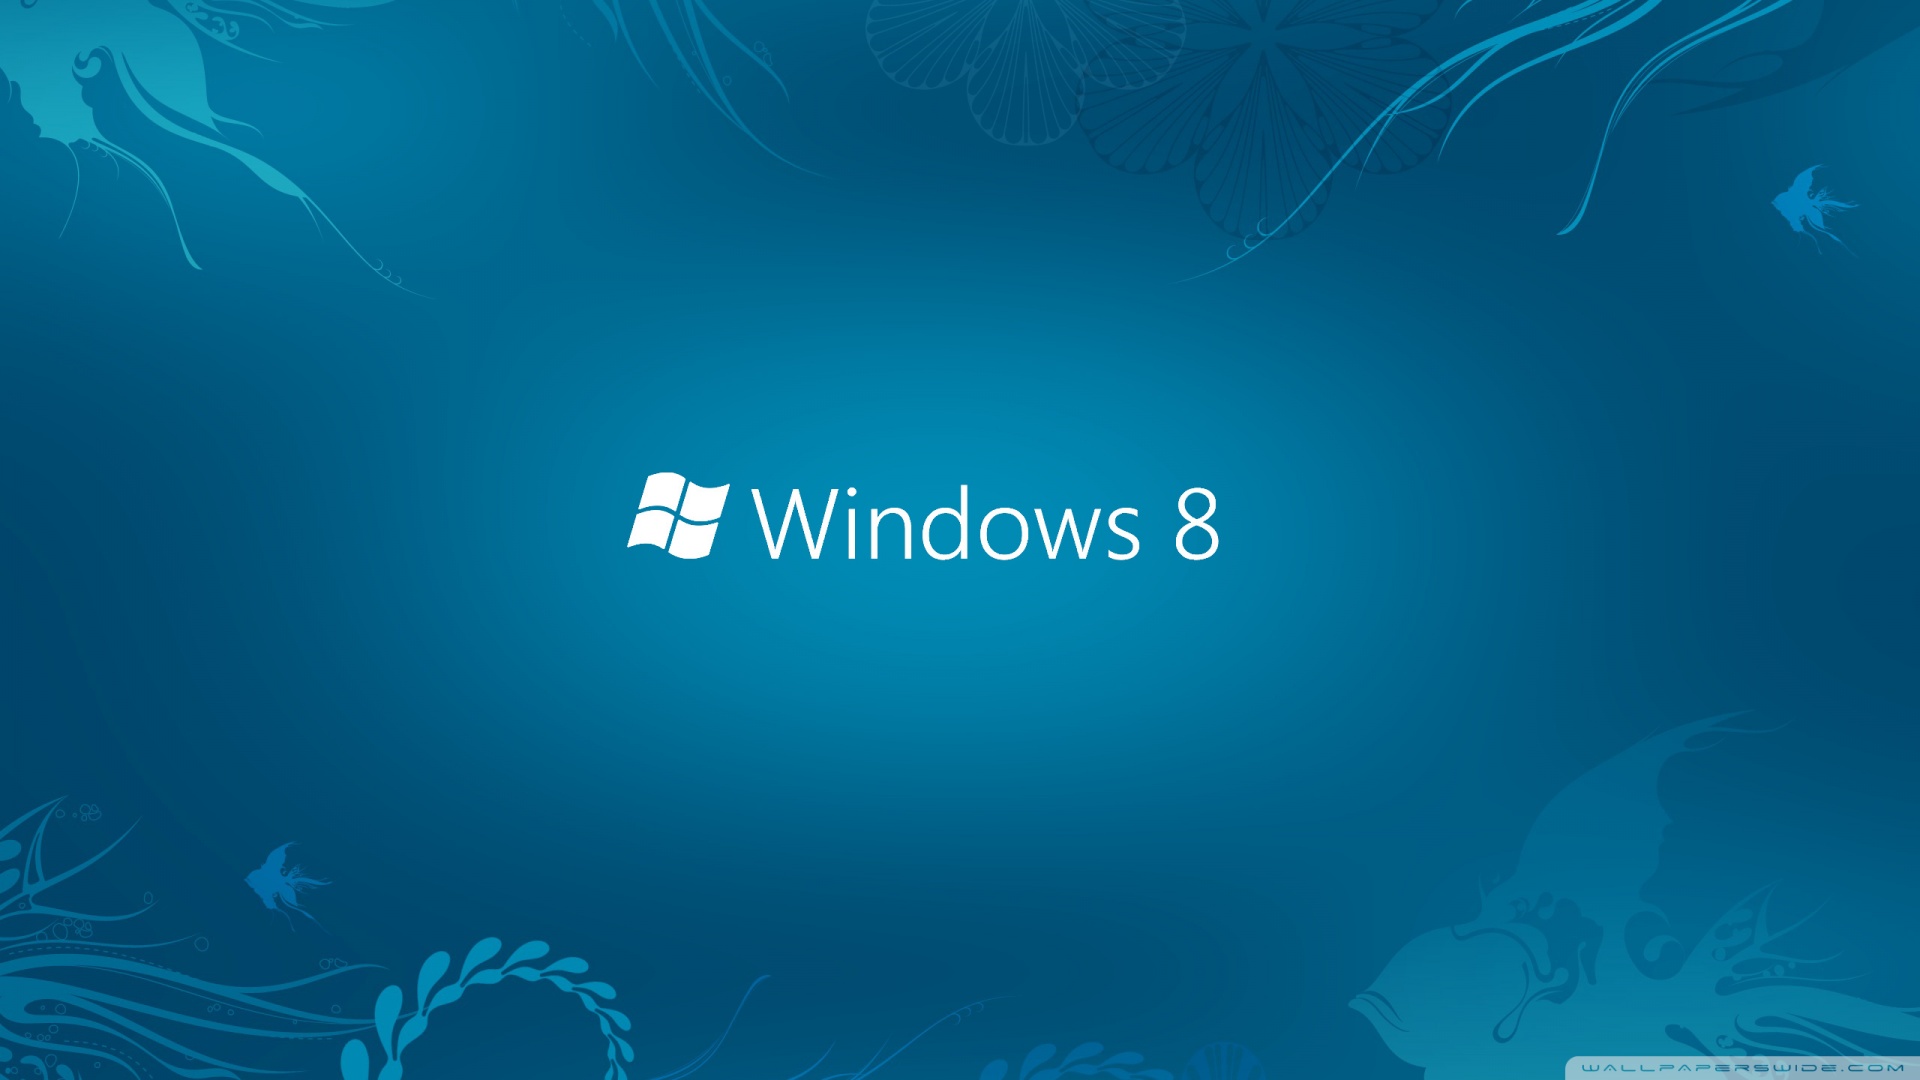 Free download 20 Widescreen HD Wallpapers For Windows 8 Desktop
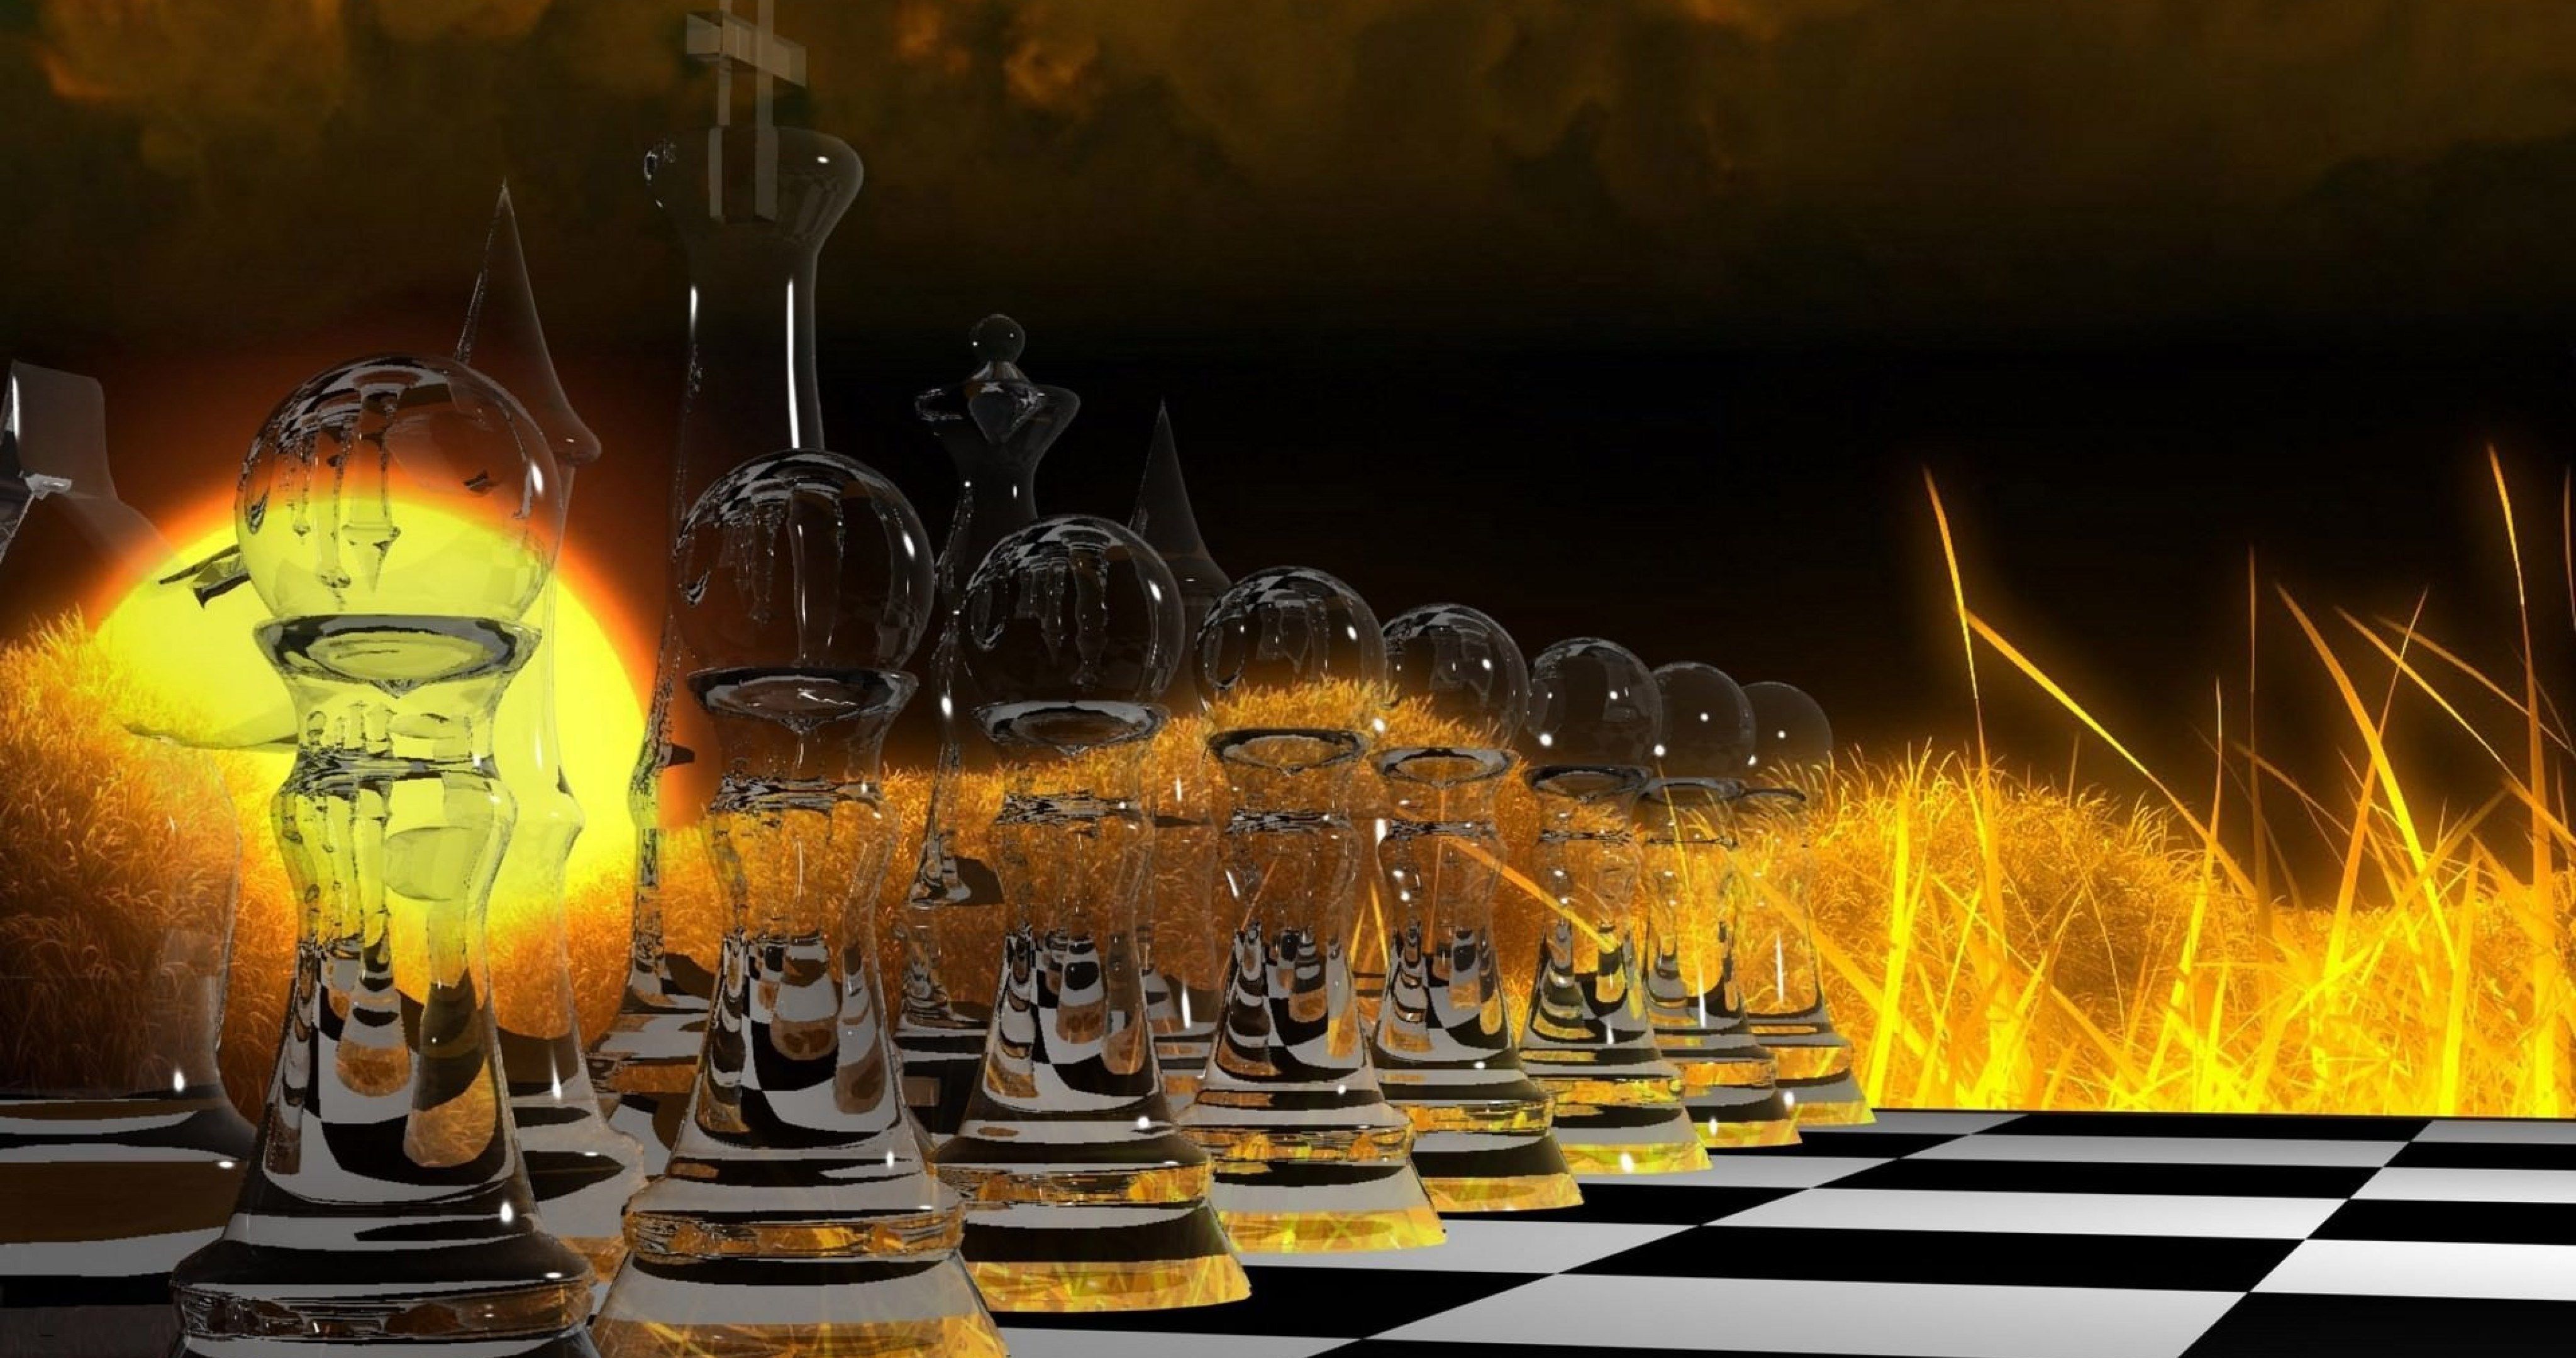 Download wallpaper 3840x2400 chess, chessboard, figures, 3d 4k ultra hd  16:10 hd background
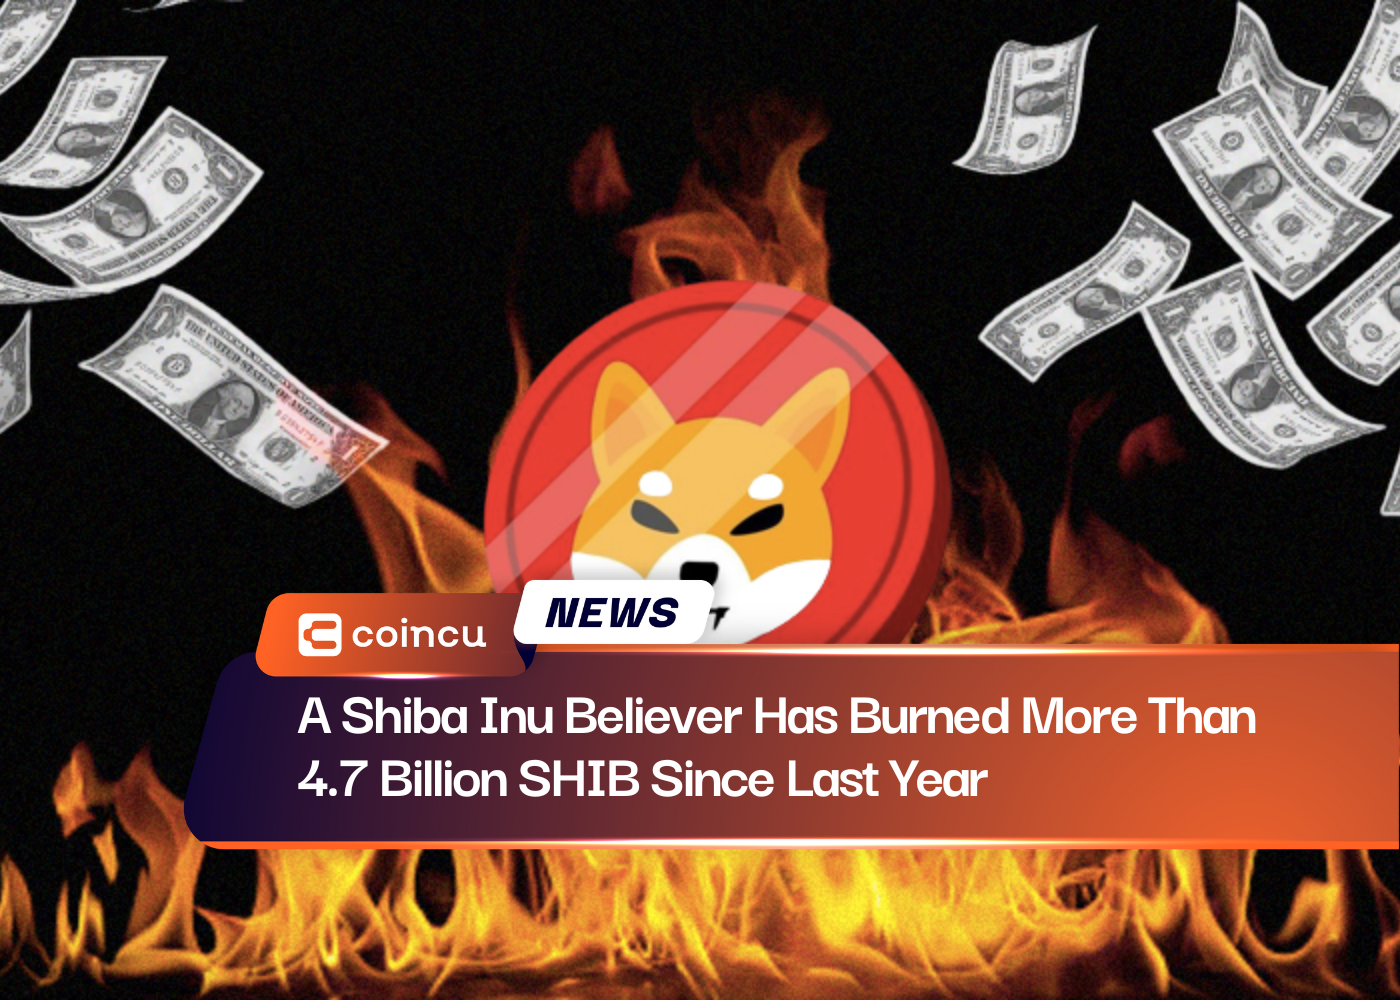 A Shiba Inu Believer Has Burned More Than 4.7 Billion SHIB Since Last Year

WORK TASK:
Print once more, exactly, the lines from the one with "Download wallpaper 3840x2400" through the last line of the data, both ends included, without any pictures.

RESULT BELOW:
 Download wallpaper 3840x2400 chess, chessboard, figures, 3d 4k ultra hd  16:10 hd background
 A Shiba Inu Believer Has Burned More Than 4.7 Billion SHIB Since Last Year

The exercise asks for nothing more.